For k-means algorithm, we perform k-means on each data set until it convergence. And the corresponding results are treated as the final result of k-means. We also use this result as the initialization of all other compared methods for fairness. For each compared method, the optimal value is solved based on the parameter setting range recommended by the relevant literature, and then the result under this condition is regarded as the final result output. For the proposed deep method, the layer sizes (as described in Sect. 3.2) are set as [100 c], [50 c] and [100 50 c] for simplicity. As for parameter \(\rho \), we search it from {1e−5, 1e−4, 1e−3, 0.01, 0.1, 1, 10, 100}.

Under each parameter setting, we repeat the experiments 10 times for all methods, and the average results are reported for fair comparison.

4.3 Results and Analysis

The clustering performance measured by clustering accuracy (ACC) and normalized mutual information (NMI) of all methods are given in Tables 2-3. It is obvious that our method has better results than other algorithms. The superiority of DKM verifies that it could better explore cluster structure by uncovering the hierarchical semantics of data. That is, by utilizing the deep framework to conduct k-means hierarchically, the hidden structure of data is learned in a layerwise way, and finally, a better high-level, final-layer representation can be obtained for clustering task. By leveraging the deep framework and k-means model, the proposed DKM can enhance the performance of data clustering in general cases.

Table 2. Clustering results of ACC on all data sets.
Table 3. Clustering results of NMI of on all data sets.

Based on the theoretical analysis and empirical results presented in this paper, it would be interesting to combine deep structure learning and classical machine learning models into a unified framework.
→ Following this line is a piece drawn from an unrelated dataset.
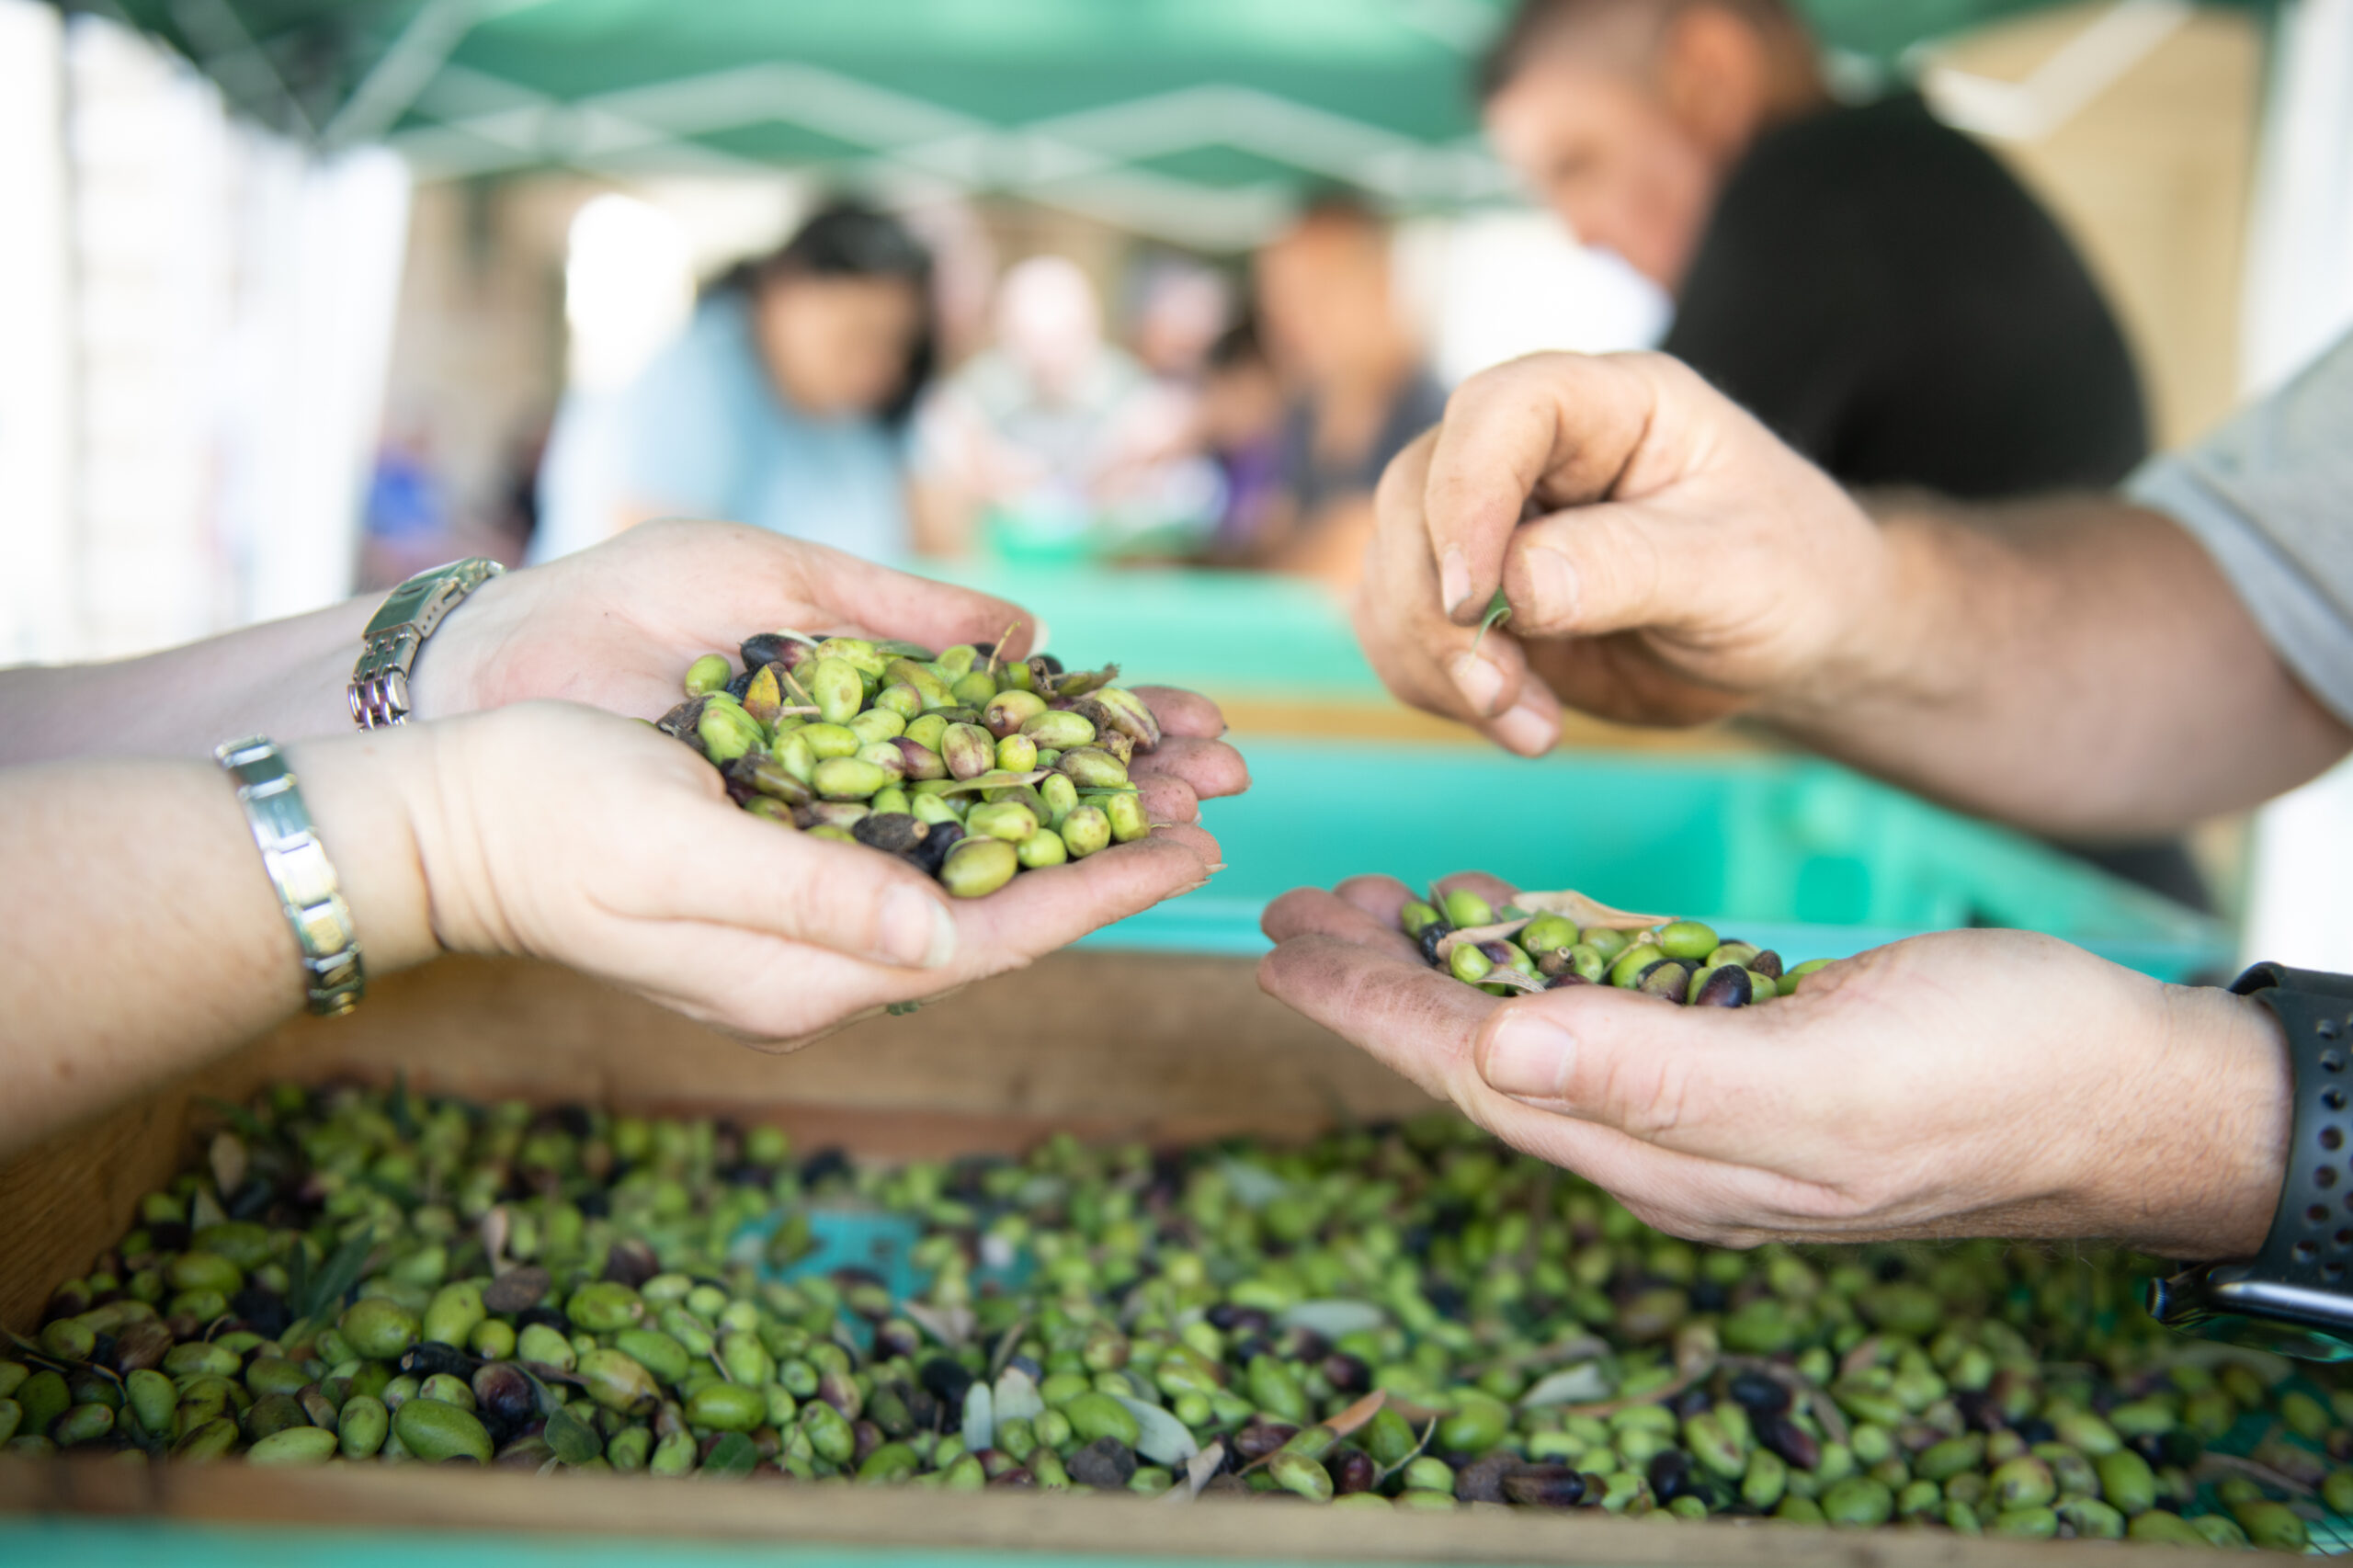 BOV Staff Joins Olive Picking Event in Support of Caritas
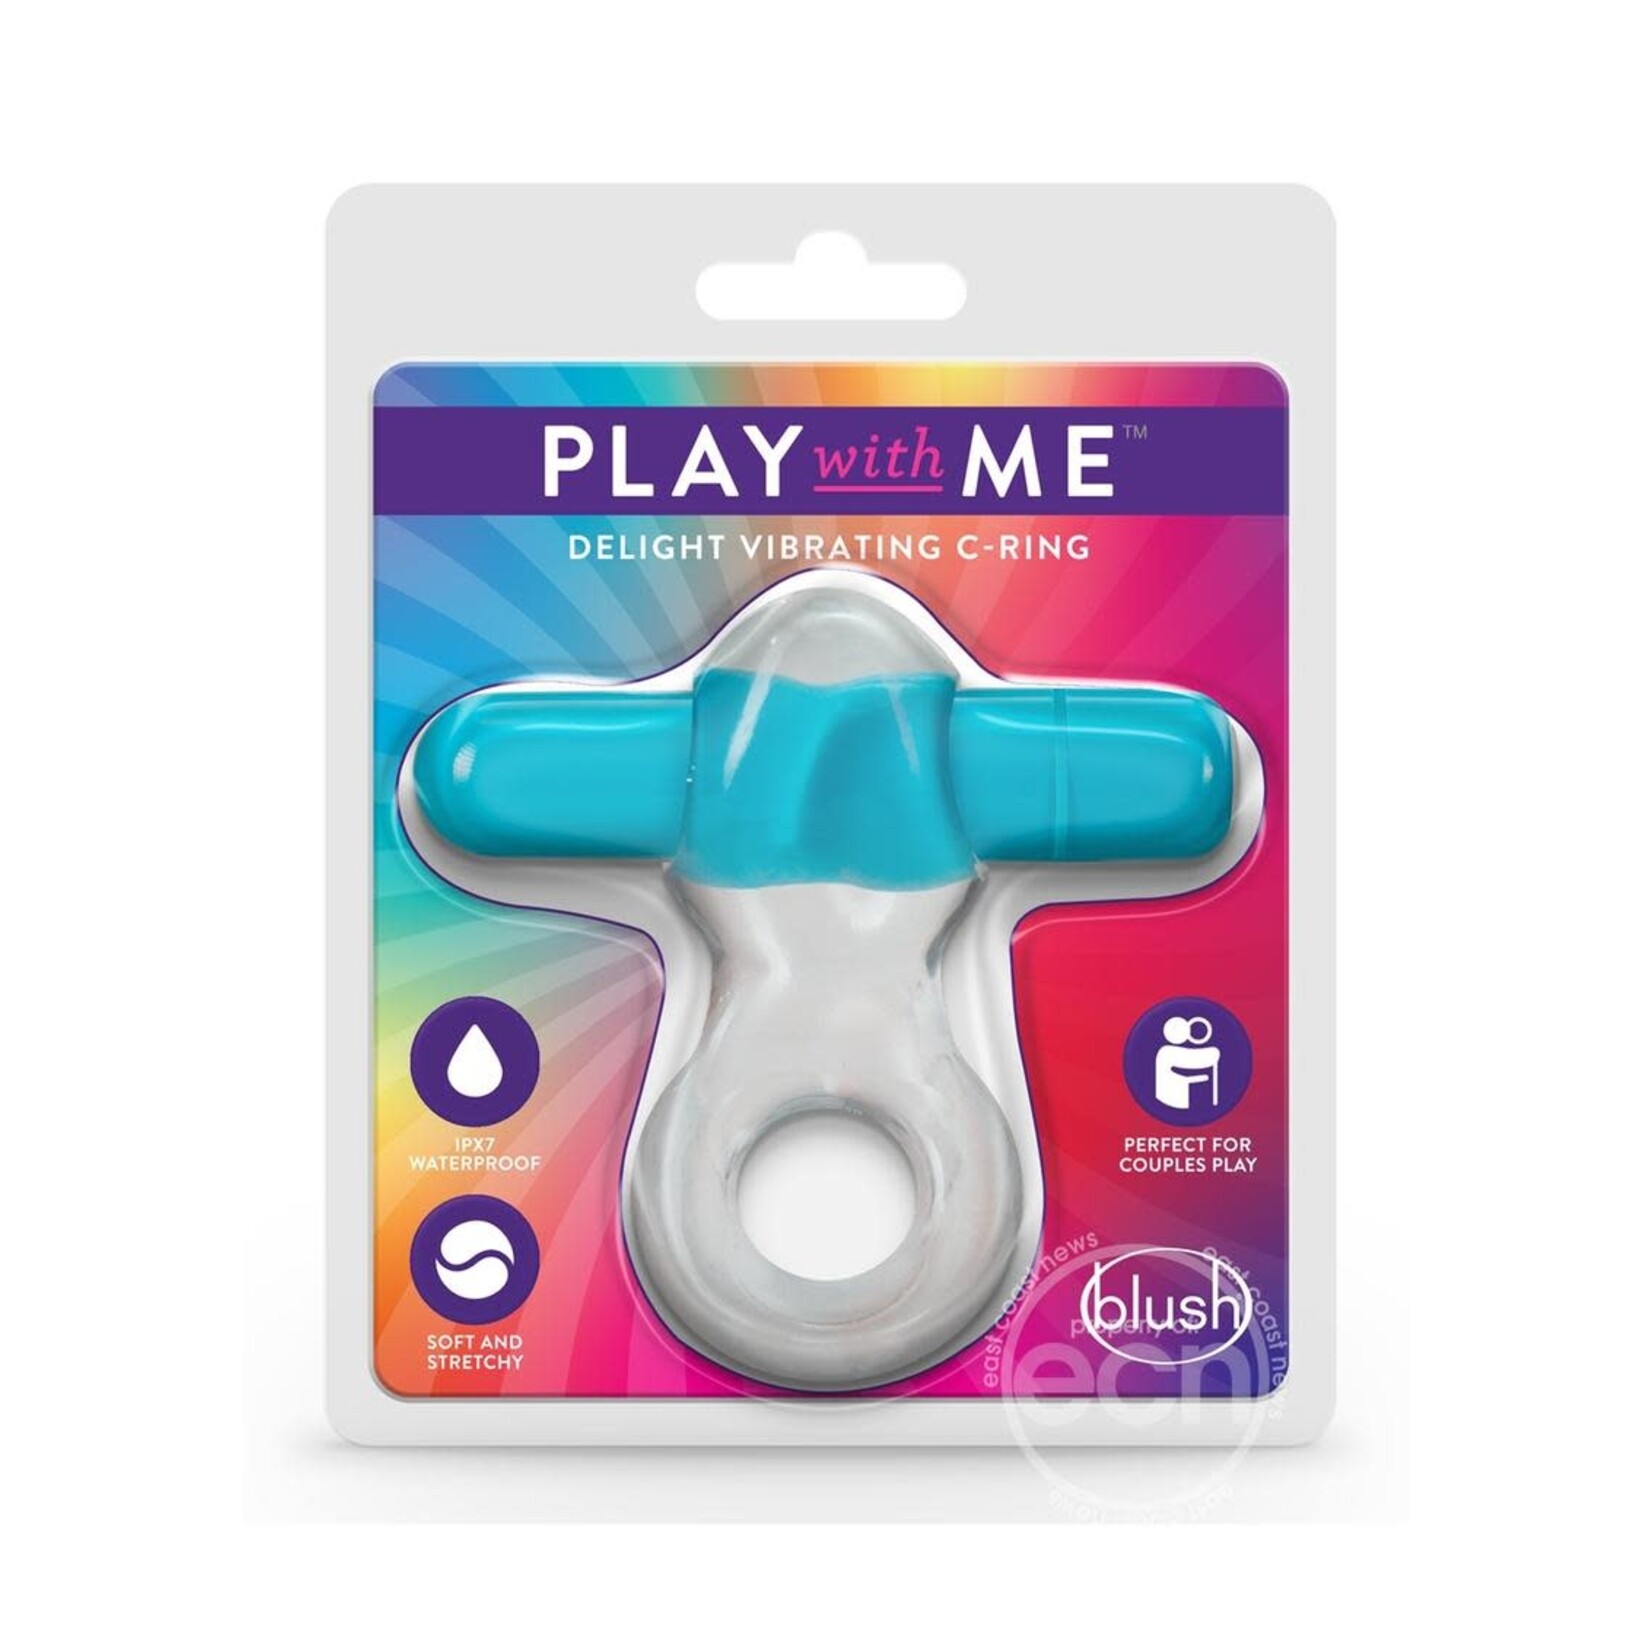 play with me Blush Play with Me Delight Vibrating C Ring - Blue

By taking advantages of the both learning paradigms, more promising results in various learning tasks can be expected.

5 Conclusion

In this paper, we propose a novel deep k-means model to learn the hidden information with respect to multiple level characteristics. By utilizing the deep structure to conduct k-means hierarchically, the data hierarchical semantics is learned in a layerwise way. Through the deep k-means structure, instances from same class are pushed closer layer by layer, which benefits the subsequent clustering task. We also introduce an alternative updating algorithm to address the corresponding optimization problem. Experiments are conducted on six benchmark data sets and show promising results of our model against several state-of-the-art algorithms.